In the meeting with The Tribune, Robinson also made statements about the PrEP pill — a daily preventive strategy for those at risk of contracting HIV — that the Salt Lake County Health Department called “wildly inaccurate.”

He implied that the county was giving out the pill for free and was treating members of the LGBTQ community for free after they had unprotected sex like “bunny rabbits” at monthly “sex parties” and contracted STDs because they were unaware that the pill did not prevent them. Later, Robinson said he had relayed the information from the Health Department as he understood it and that there may have been some mischaracterization in his conversation with the county.

Robinson told The Tribune on Thursday that the response after his comments were published, “both pro and con, show that there is a tremendous need [for dialogue] on these issues within not only the gay community but the straight community and the county as a whole.” He said he will continue to engage with the party and hopes in the future for a more thoughtful conversation about this issue, which he feels The Tribune’s article did not provide.

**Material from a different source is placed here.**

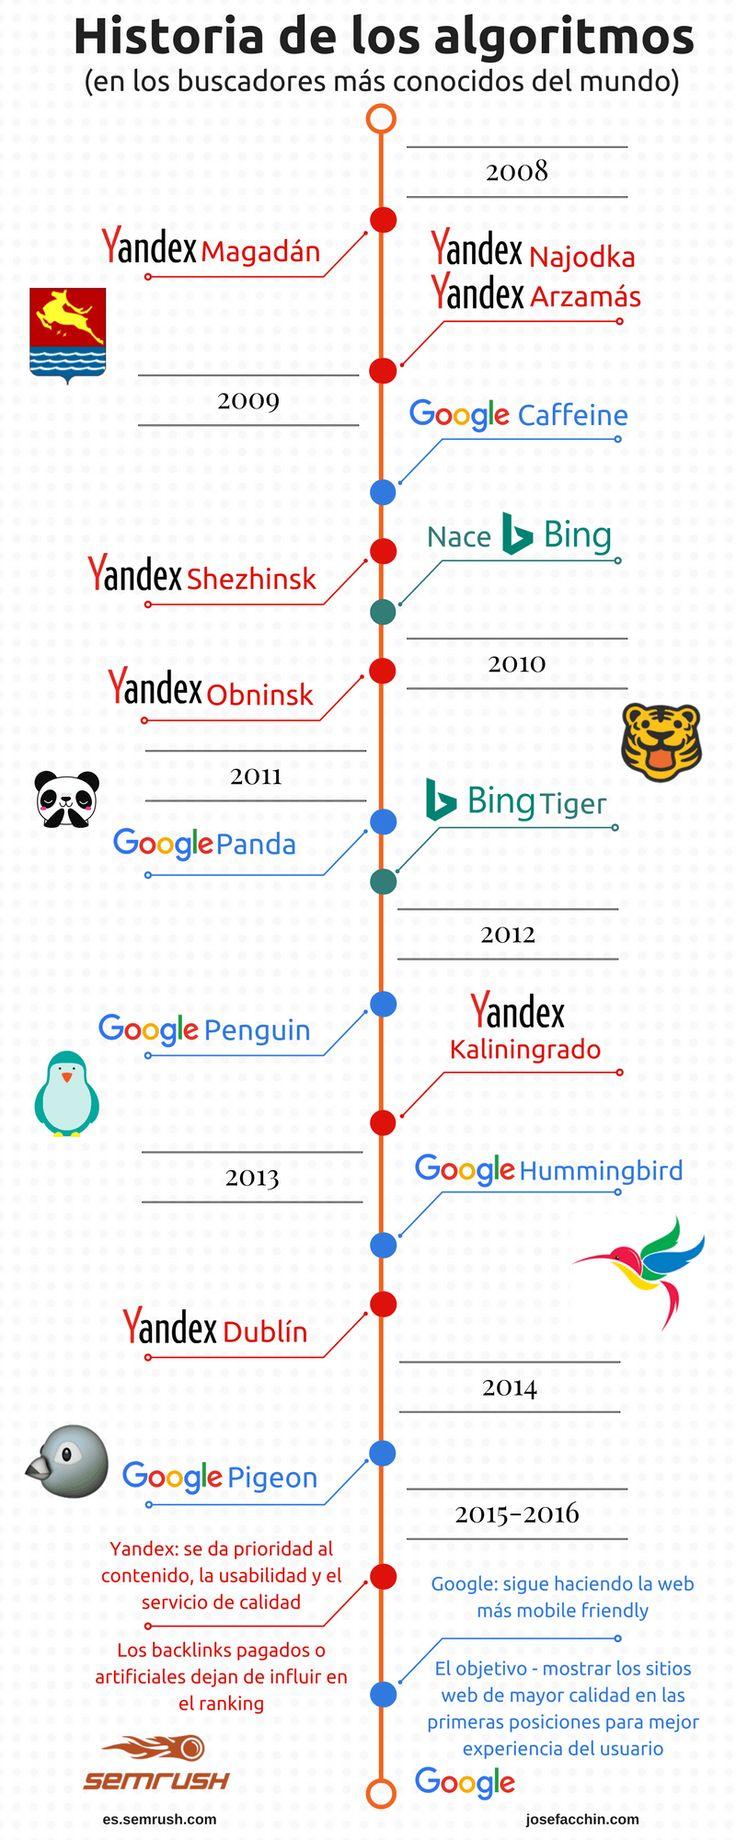 ¿Qué es un algoritmo de búsqueda en Internet y cómo funciona?

Miller, the party chairman, did not respond to a request for comment Thursday afternoon. But in an email statement obtained by The Salt Lake Tribune, he said Robinson’s comments were based on the communication director’s conversations with members of the LGBTQ community “and were not necessarily his own views and were not presented as the position of the Salt Lake County Republican Party.”

But in an email Robinson sent to The Tribune on Tuesday morning, after he was notified the paper would be running a story based on his comments, he reaffirmed his stance and included links to studies and facts on STDs, mental health and suicide in support of it.

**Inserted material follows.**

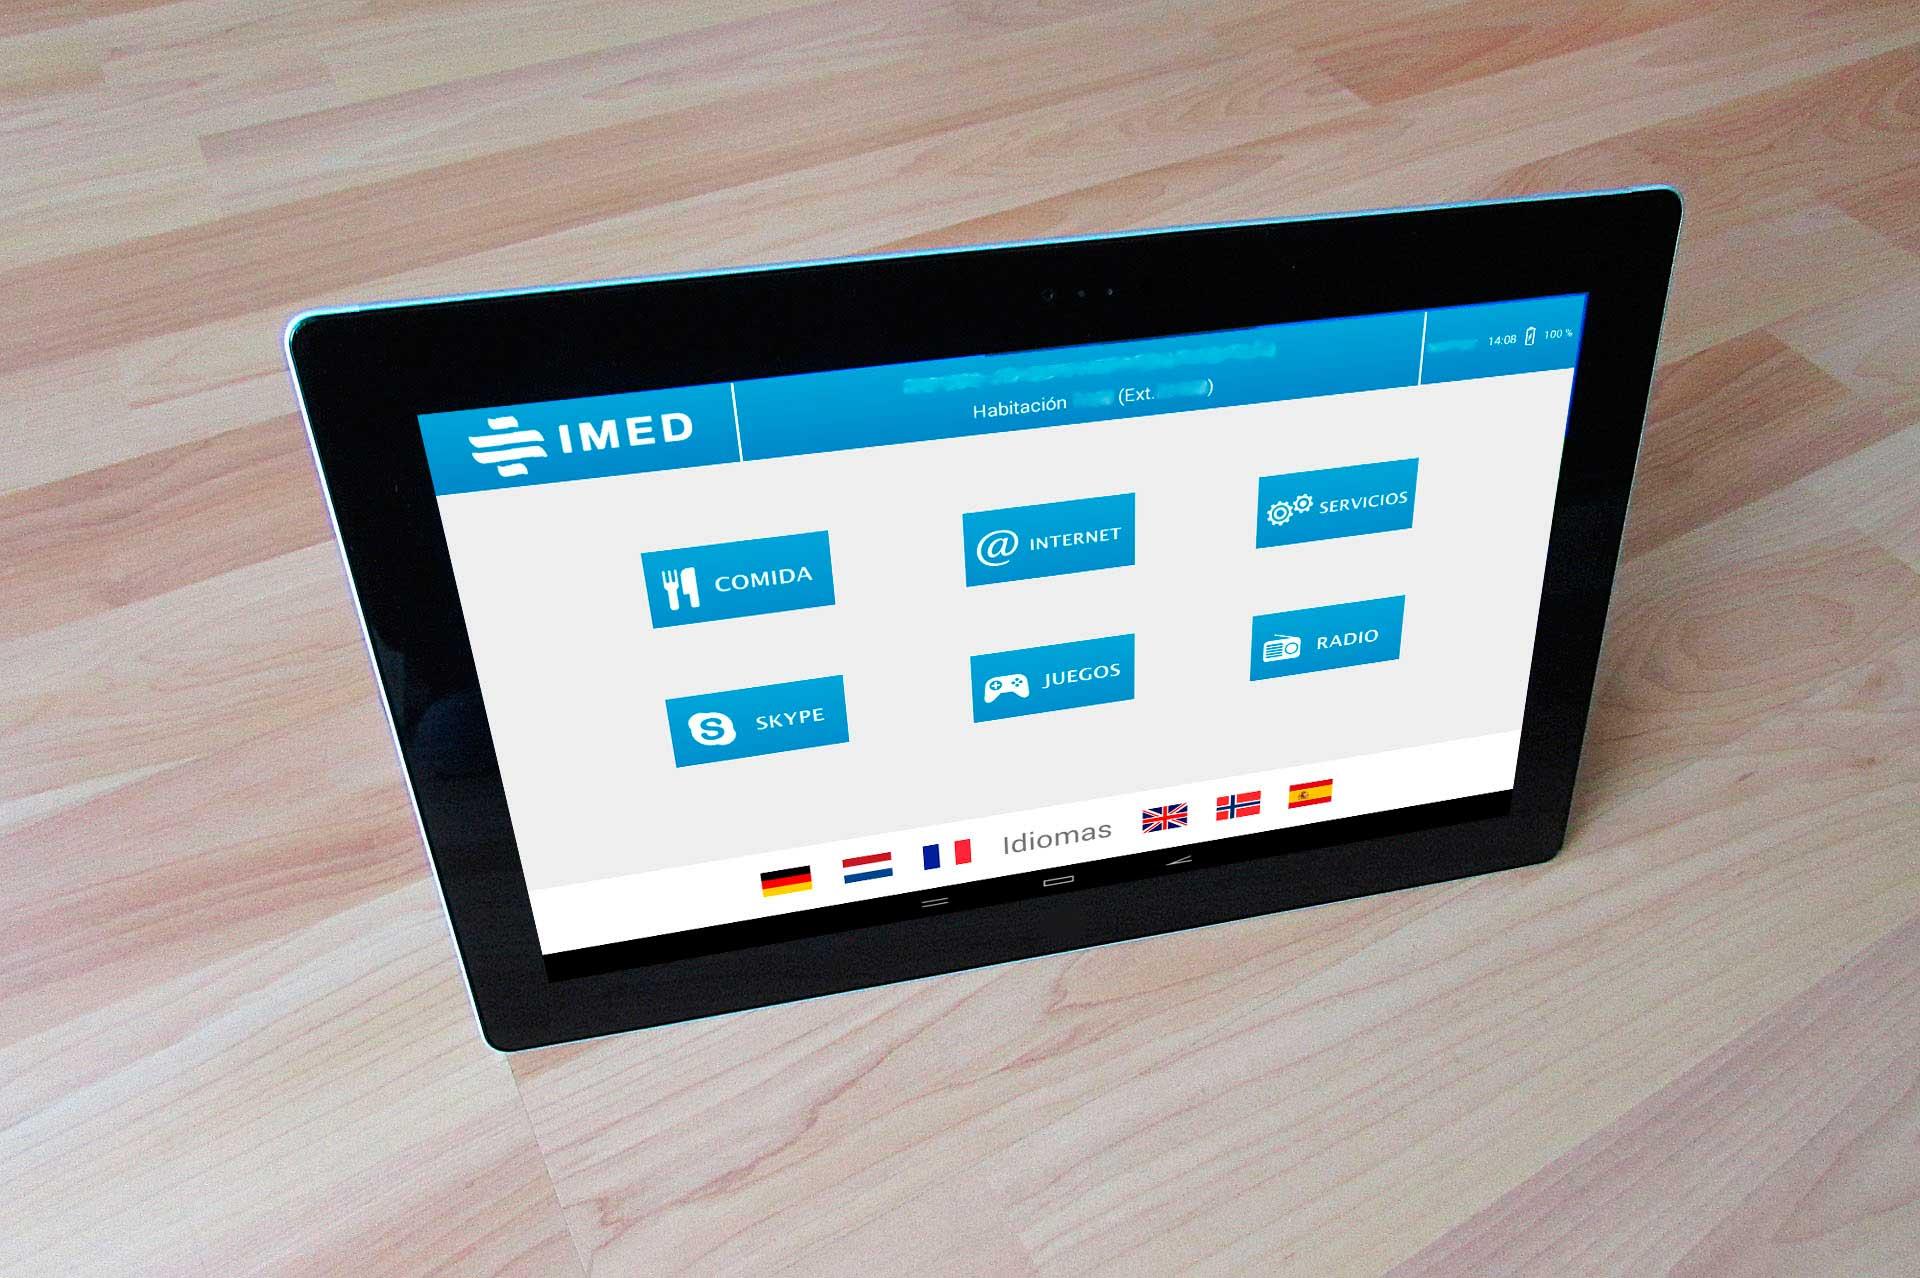 Diseño aplicaciones móviles: IMED

“I stand by my position that multiple sexual partners leads to increased risk of STD and HIV, which affects one’s mental, physical and financial health, which leads to a higher risk of depression which leads to a higher risk of thoughts of suicide which leads to higher suicide rates,” he said in the email.

Miller said in his statement that members of the party don’t agree that there is “only one cause or solution” to the issue of suicide.

“I apologize on behalf of the Salt Lake County Republican Party for any hurt or discomfort that this mischaracterization has caused,” he said. “The tremendous outcry of both anger and support shows that these conversations are sorely needed.”